In today's market the key customers of consumer product organisations are the major supermarkets and large retailers. These organisations sell a large number of different products to supermarkets so the volume of invoicing is exceptionally high. This is a scenario specific to this industry sector and is managed by a unique business process that supports both the client and the customer.
Due to the high volume of invoicing the client sends to the customer, the volume of disputes can be very high as well. The standard process for other industries is that the customer will not pay an invoice if there is even a small issue, will wait for a credit note, then pay the invoice in full and take the credit note. This can create a significant pressure on the cash flow of the client.
Due to the high value and volume of invoices, the process for Consumer Product organisations is slightly different. The customer raises a deduction against the client to cover the dispute. This could be for a price issue, or a short measure of product or for damaged goods. After raising the deduction, the customer will pay the invoice in full and will also take the deduction. This means the invoice the customer receives has been settled in full and the deduction is an open item awaiting resolution. Therefore if a customer has say £100,000 worth of invoices with say £750 worth of deductions there is no impact on cash flow for both the client and the customer. The client can then review the deductions and issue credit notes to settle the deductions the customer has raised.
The deduction process enables the customer to provide detailed information about the issue.
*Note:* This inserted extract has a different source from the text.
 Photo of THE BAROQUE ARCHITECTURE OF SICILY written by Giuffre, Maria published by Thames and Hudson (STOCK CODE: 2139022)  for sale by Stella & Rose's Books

The client can then implement the best process to deal with the deduction. It could be that some deduction types may need to be investigated to ensure a customer claim is valid. Some clients may look to implement a business rule to automatically approve a deduction if the value is less than a given tolerance to remove the manual processing and approval of the deduction.
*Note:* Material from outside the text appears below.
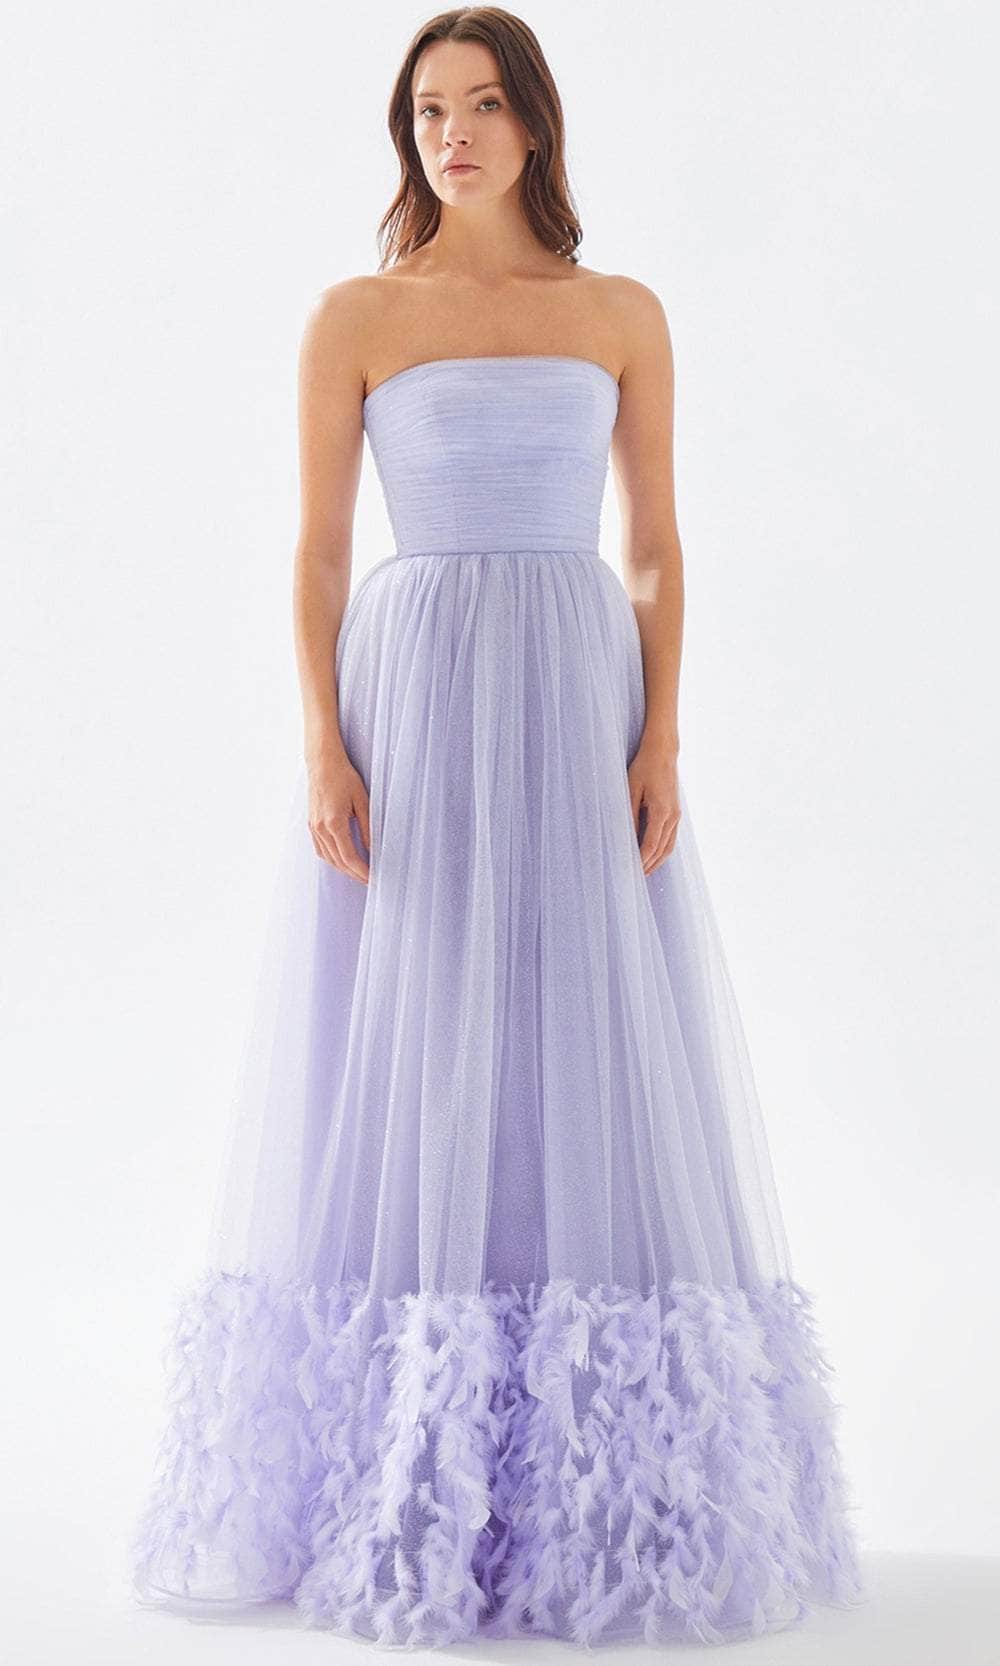 Tarik Ediz 52140 - Ruched Strapless Feathered Prom Gown

The whole process can now be managed within SAP. The Dispute Management solution (part of SAP FSCM) provides a simple solution to control this process within. A customer deduction can be recorded in SAP as an accounting document. The accounting document can then be disputed. Business rules can be defined to link different types of deductions to different types of dispute cases or dispute reason codes. The dispute can then be approved within Dispute Management via workflow or reporting. There is also the ability to write off deductions based on a number of rules which may include low value deductions. Lastly there is the ability to issue credit notes based on the information from the customer deduction to close the process.
Consumer Product organisations need to control the deduction process. I have worked with some organisation that receive in excess of a thousand deductions per month and have to invest heavily in manpower to resource the process. Being able to automate the process and provide accurate data to business approvers reduces the manpower and provides extra control. Further to this (and as is the case with all good dispute management processes) analysis of the cause of the deductions should provide insight into why deductions are being raised. It could be that vans are being overstocked with products, leading to high volumes of damaged goods, or certain delivery drivers do not get signed proof of delivery documentation leading to large volumes of product being credited. Detailed analysis around the cause of the deductions can also lead to linked business processes being improved to reduce future deductions.